Study of case records found it staved off signs of the disease by more than four years
WEDNESDAY, Nov. 6, 2013 (HealthDay News) -- Speaking two languages may help delay the damage of dementia, a new study suggests.
Researchers found that people who were bilingual did not show the signs of three types of dementia, including Alzheimer's disease, for more than four years longer than those who spoke only one language.
The report was published online Nov. 6 in the journal Neurology.
"Bilingualism can be seen as a successful brain training, contributing to cognitive reserve, which can help delay dementia," said study co-author Dr. Thomas Bak, a lecturer at the Center for Cognitive Aging and Cognitive Epidemiology at the University of Edinburgh in Scotland.
Cognitive reserve is the ability of the brain to keep functioning normally despite significant disease or injury, explained Stephen Rao, a neuropsychologist at Cleveland Clinic's Lou Ruvo Center for Brain Health. "It has been understood that this capacity is influenced by education, higher occupational status, engagement in higher order cognitive [thinking] activities, and now bilingualism," Rao said.
People with a greater cognitive reserve experience the onset of dementia later in life than people with less reserve. As a result, the impact of dementia will be less apparent for longer in people with greater reserve capacity, as thinking and memory functions are able to carry on even with the loss of brain cells.
Bak noted that the effect that speaking two languages had in delaying dementia had nothing to do with the level of education of the participants, but may well be another aspect of cognitive reserve.
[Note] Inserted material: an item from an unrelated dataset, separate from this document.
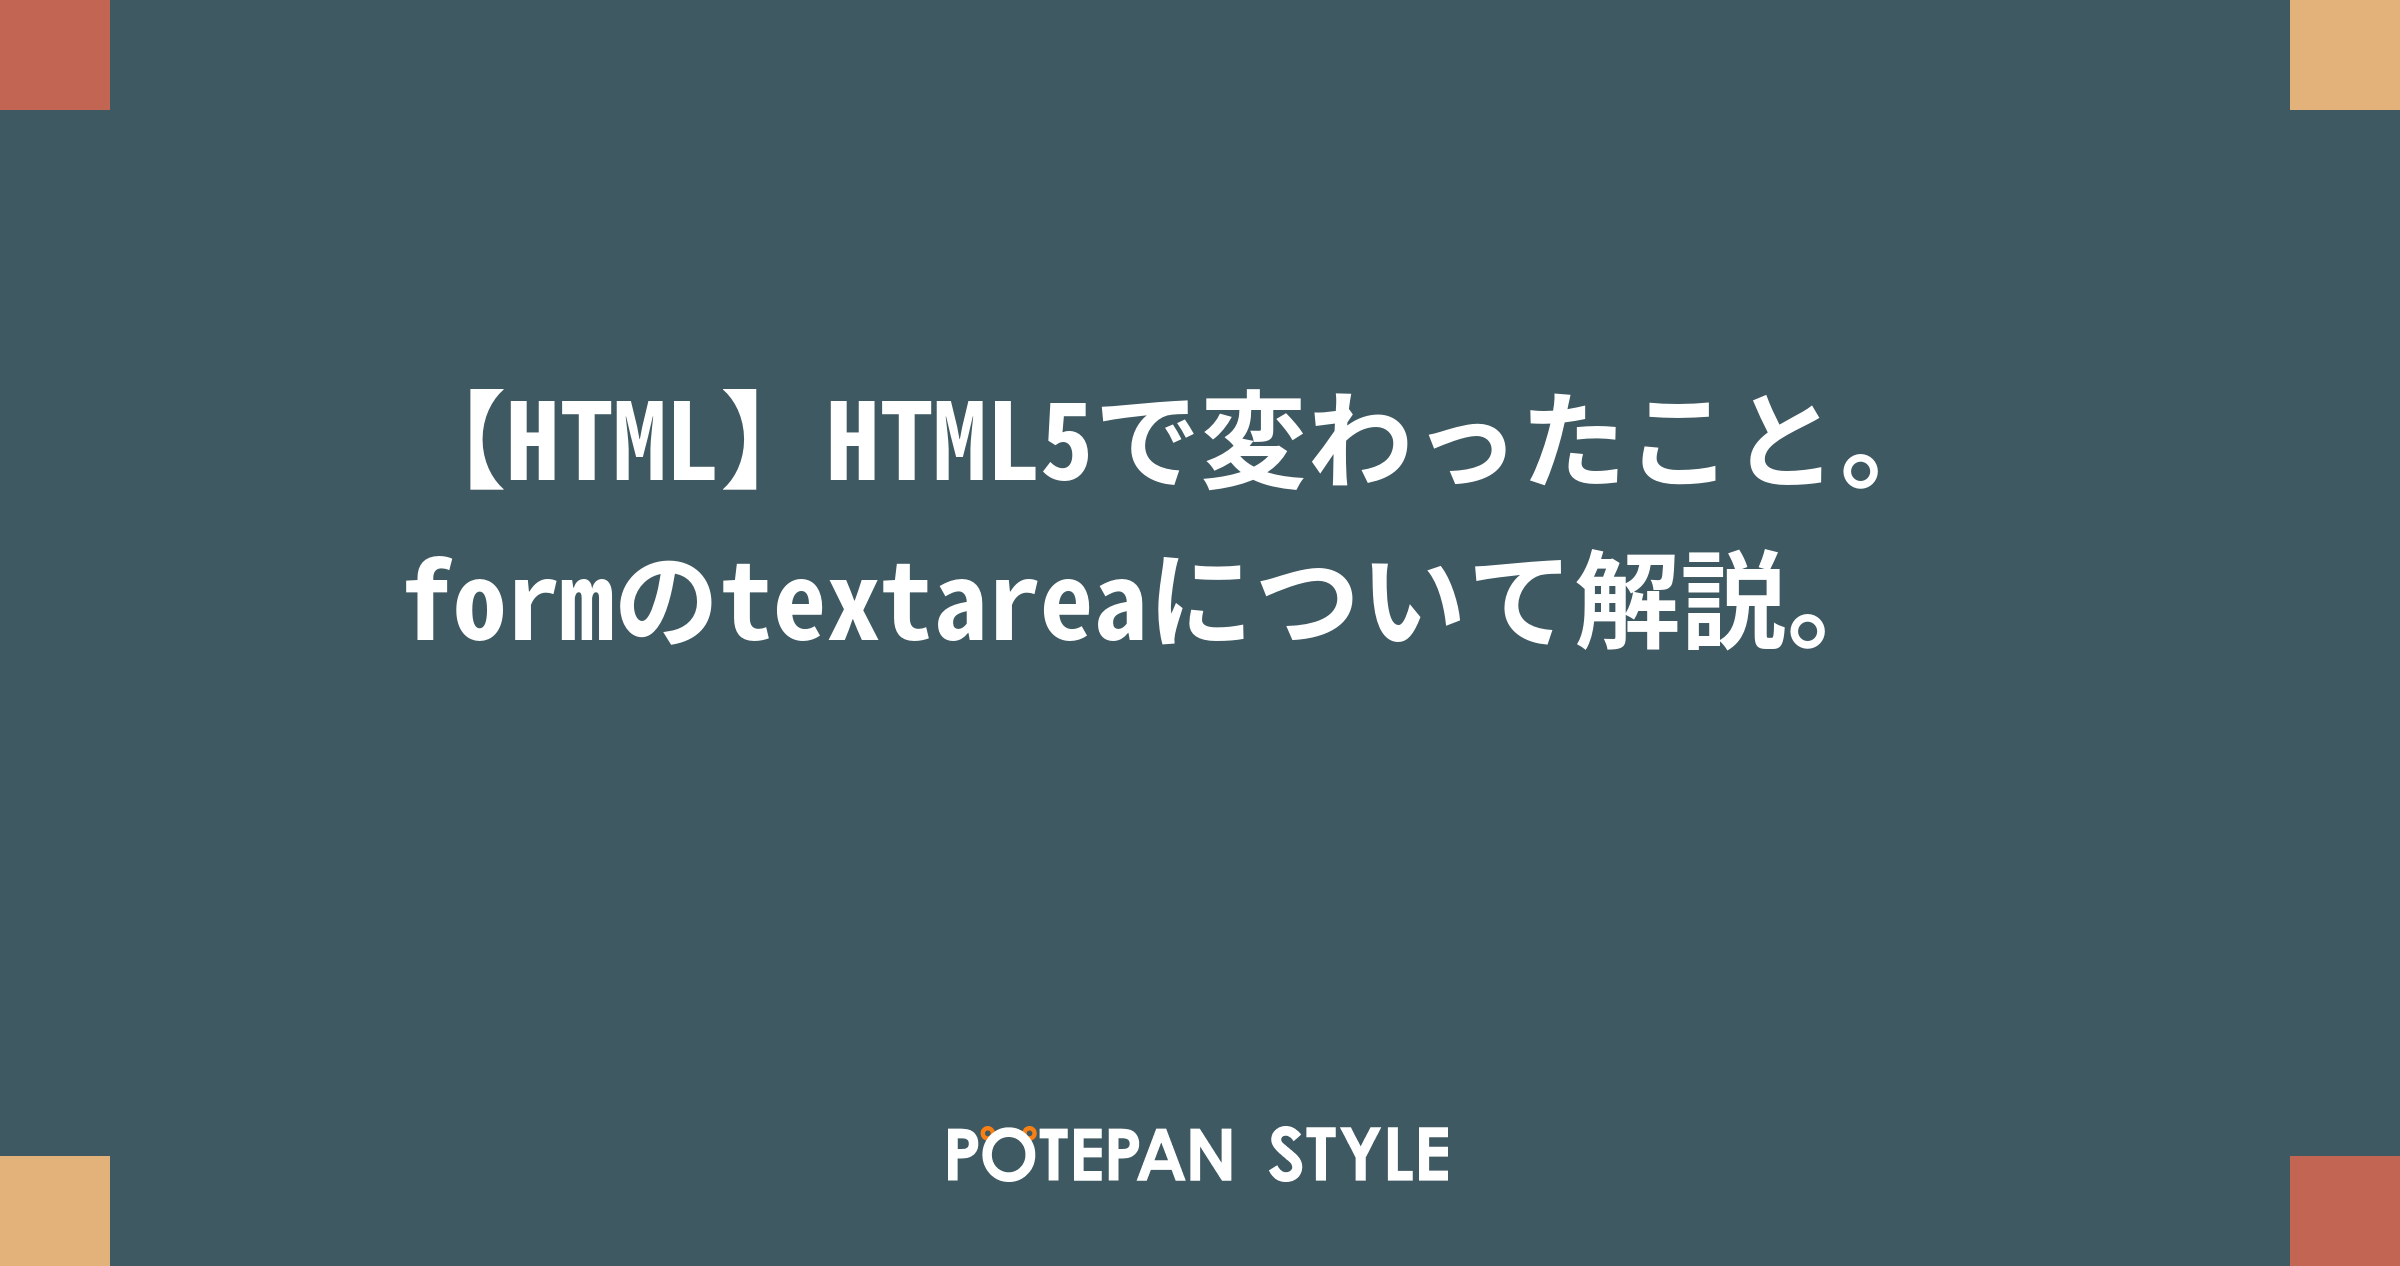 Html Html5で変わったこと Formのtextareaについて解説 ポテパンスタイル

"The fact that bilingual advantage is not caused by any differences in education is confirmed by the fact that it was also found in illiterates, who have never attended any school," he said.
Another expert agreed.
"This looks to me like a specific effect of language training and plasticity over and above the well-known effect of education," said Dr. Sam Gandy, director of the Mount Sinai Center for Cognitive Health in New York City.
This is reminiscent of the benefit of social engagement that is over and above that of education and mental stimulation, Gandy pointed out.
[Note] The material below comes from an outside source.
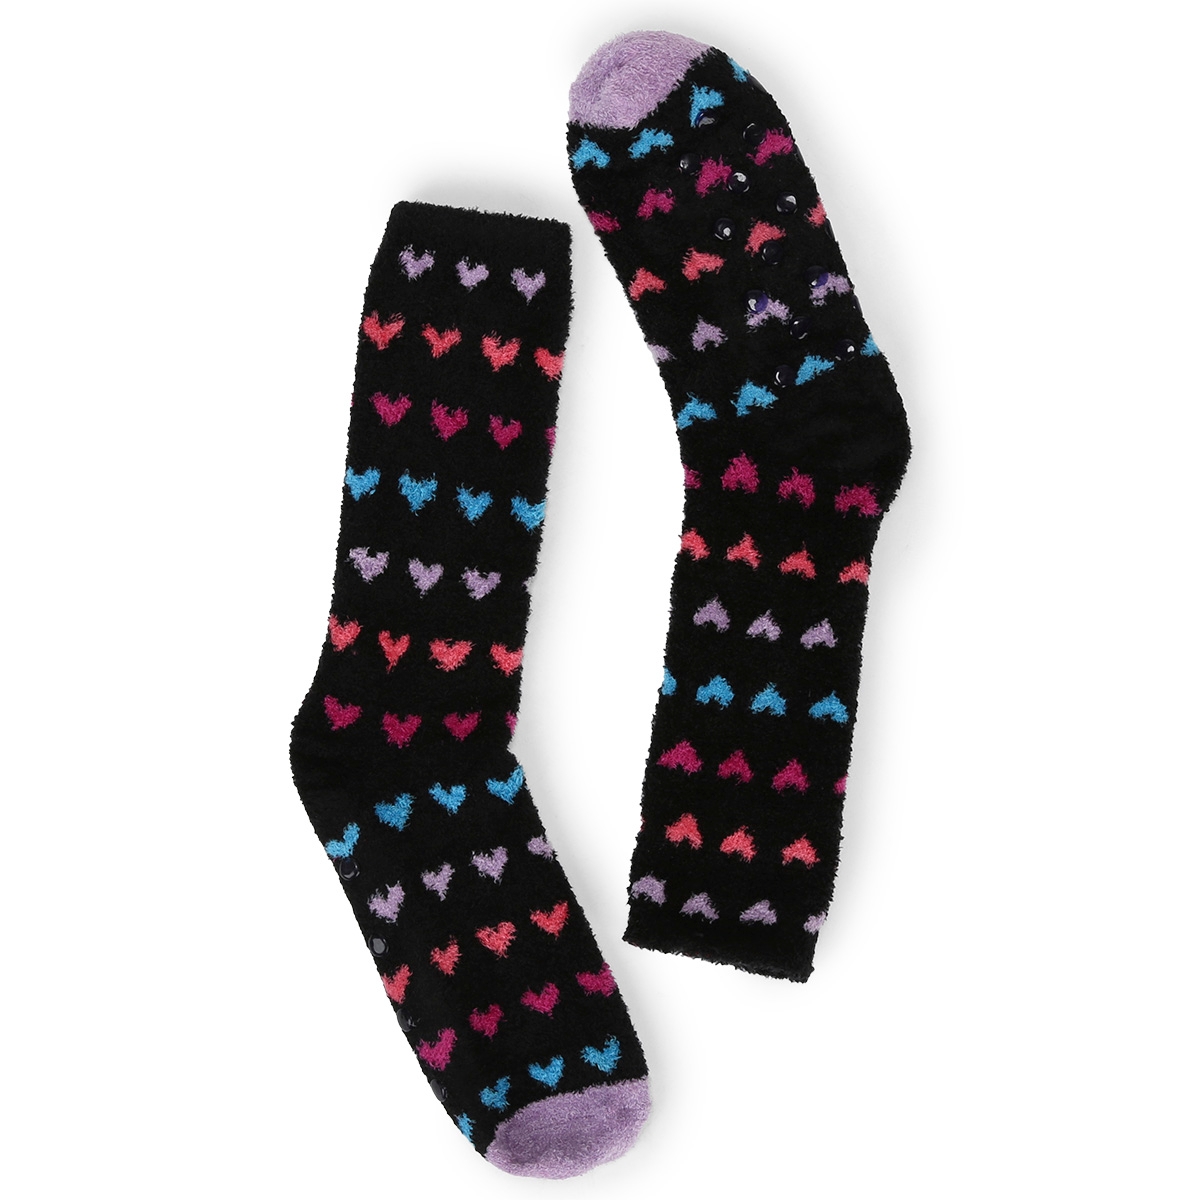 Women's Heart Printed Slipper Sock - Black

"This illustrates that there may yet be many ways to help stave off dementia, once we have sufficient ways to stimulate the brain," Gandy said.
There have been other studies that have shown that people who are bilingual have a delayed onset of Alzheimer's disease, Rao said.
"This is another thing we can add to the list of mental abilities that seem to preserve brain function despite the fact that the brain may be ravaged by a disease like Alzheimer's disease and other forms of dementia," Rao added.
For the study, Bak's team evaluated the case records of 648 people from India who had been diagnosed with dementia. Of these patients, 391 spoke two or more languages.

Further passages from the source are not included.